Data provided:
════════════════════

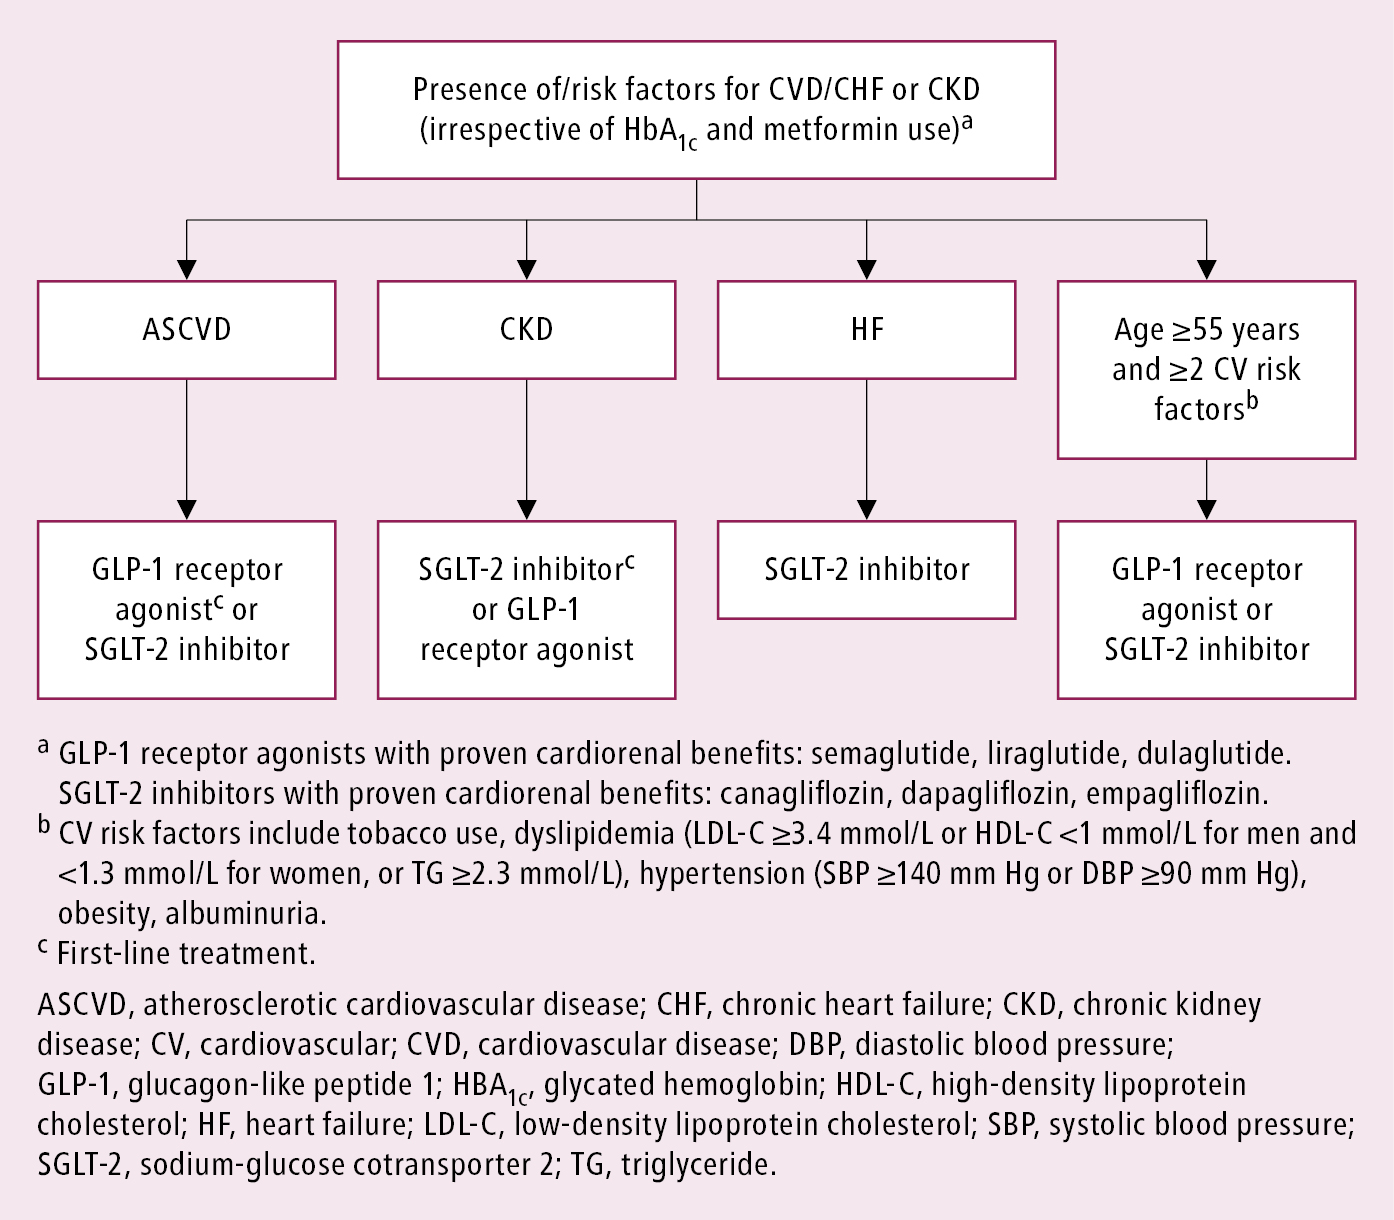 Figure 031_0007.  Algorithm for therapy advancement in type 2 diabetes mellitus based on cardiorenal benefits.  Adapted from    Can J Diabetes. 2020 Oct;44(7):575-591    and 2022 guidelines from the American Diabetes Association and European Association for the Study of Diabetes . 
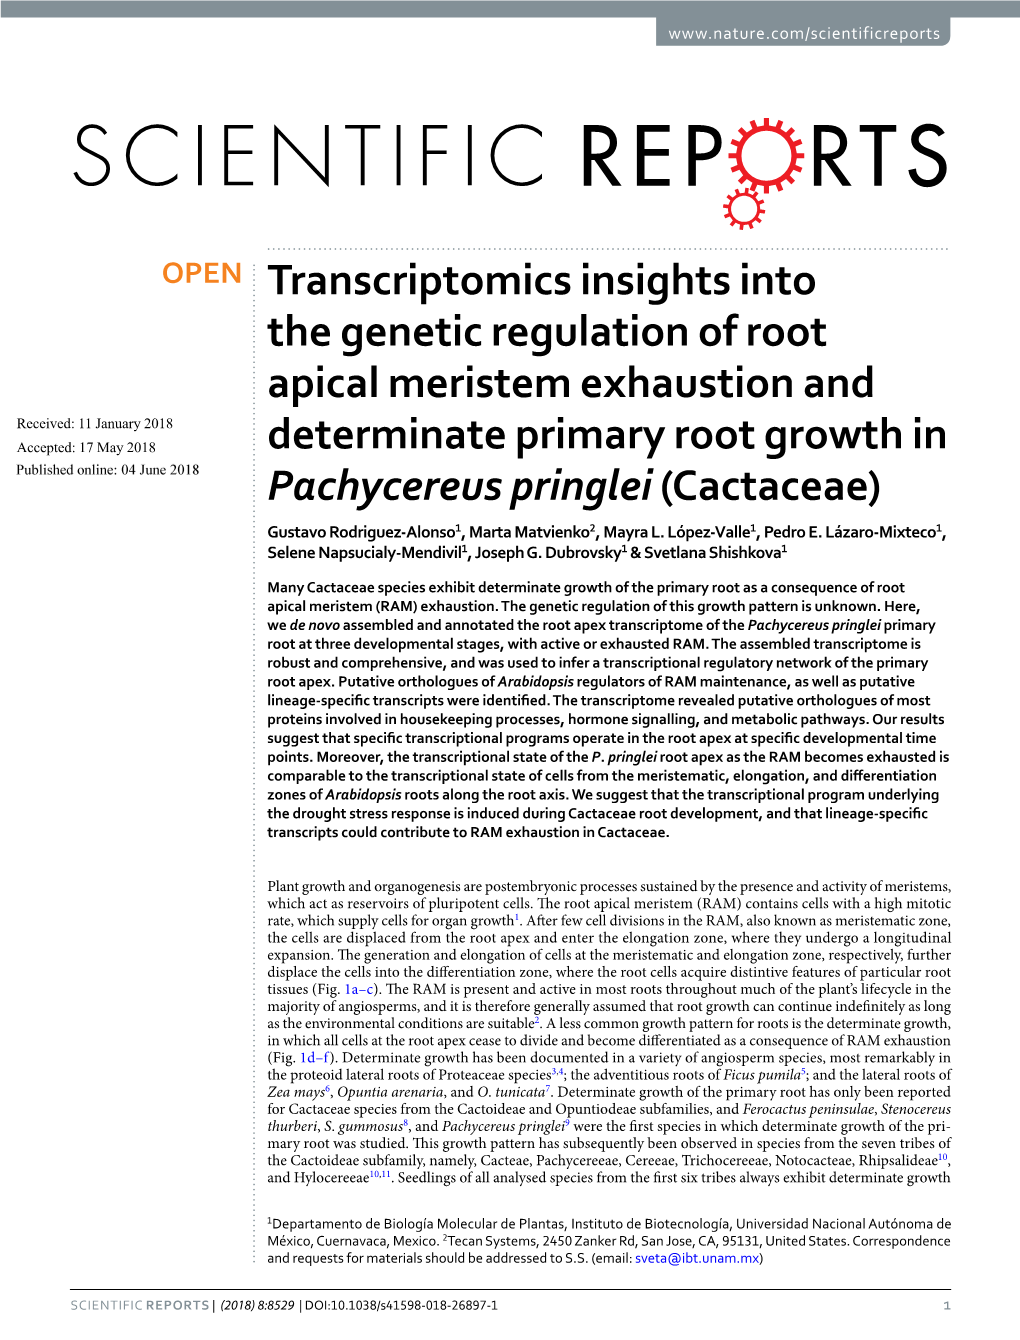 Transcriptomics Insights Into the Genetic Regulation of Root Apical
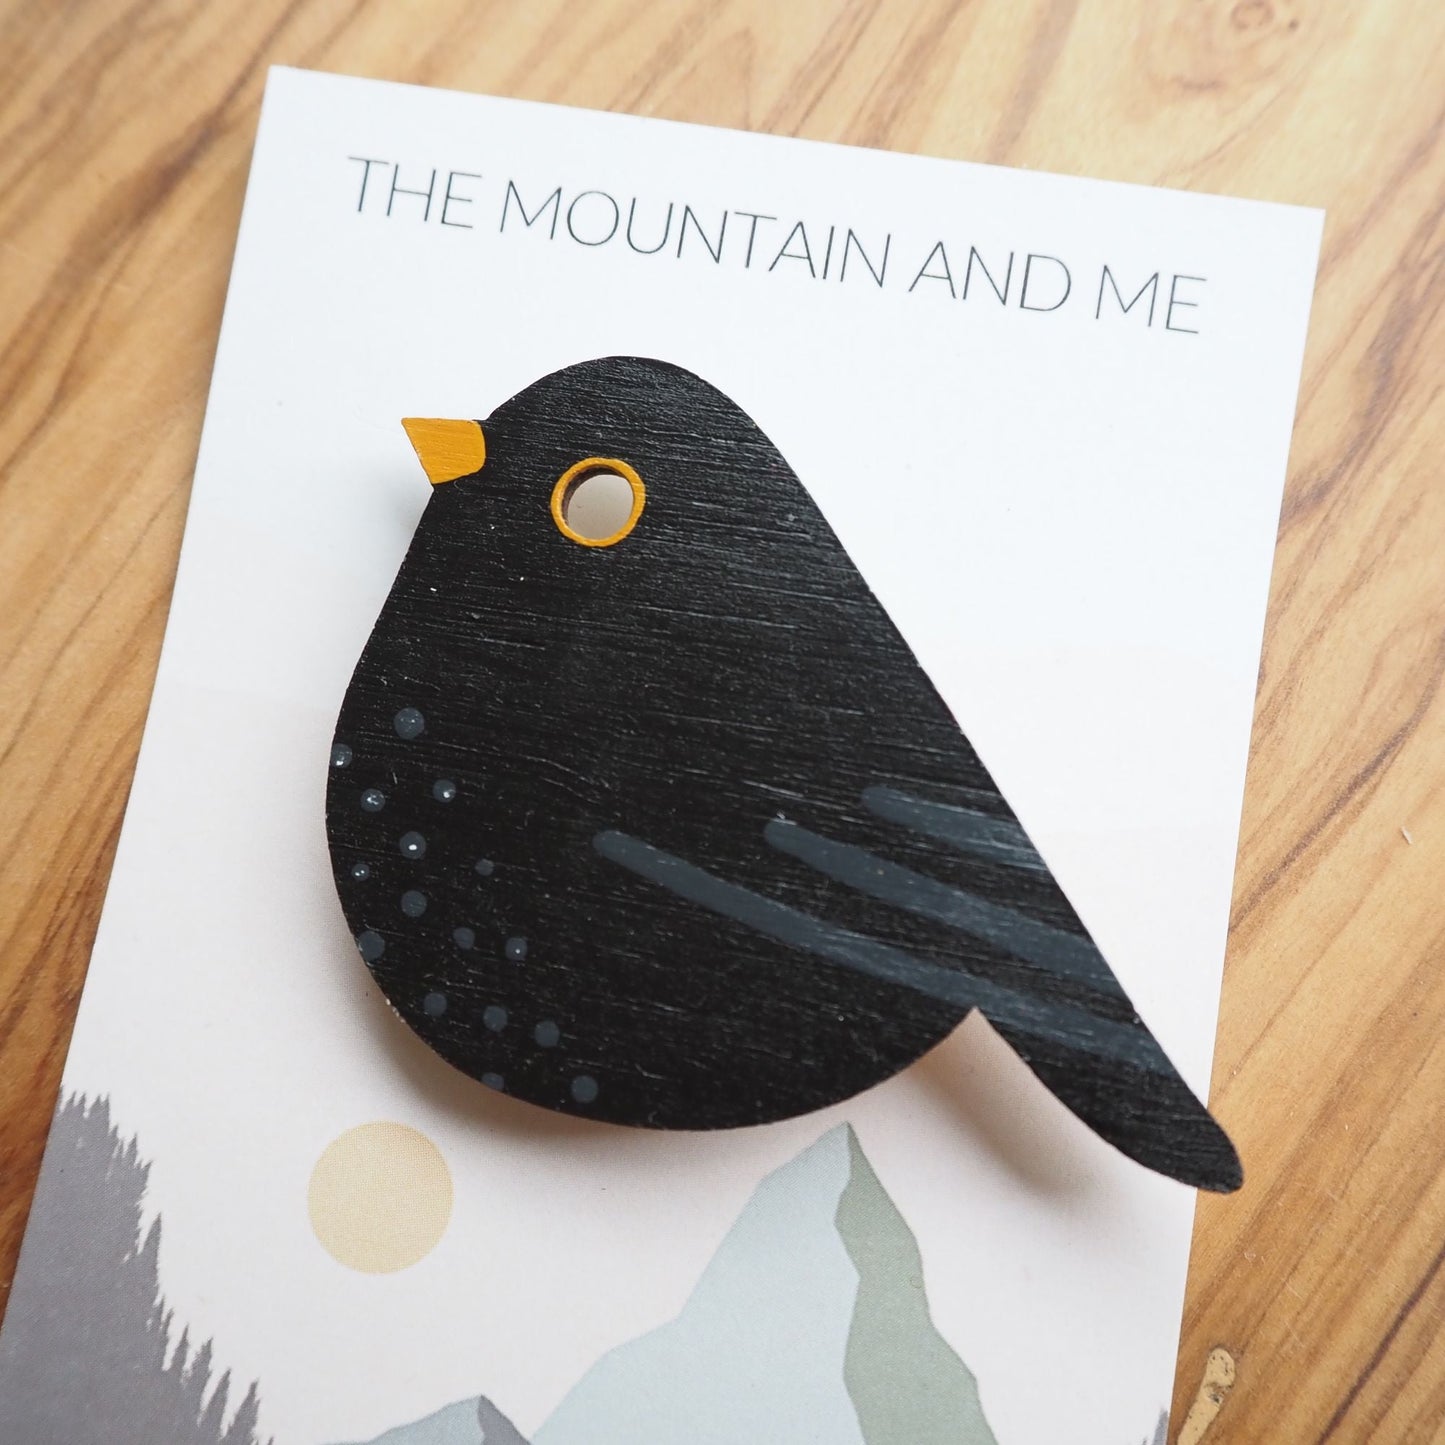 Painted blackbird brooch on the Mountain and Me branded backing card.

════════════════════

What you have to do: A word-for-word copy of the data, without its pictures, is what is needed.

Task result:
 Figure 031_0007.  Algorithm for therapy advancement in type 2 diabetes mellitus based on cardiorenal benefits.  Adapted from    Can J Diabetes. 2020 Oct;44(7):575-591    and 2022 guidelines from the American Diabetes Association and European Association for the Study of Diabetes . 
 Transcriptomics Insights Into the Genetic Regulation of Root Apical
 Painted blackbird brooch on the Mountain and Me branded backing card.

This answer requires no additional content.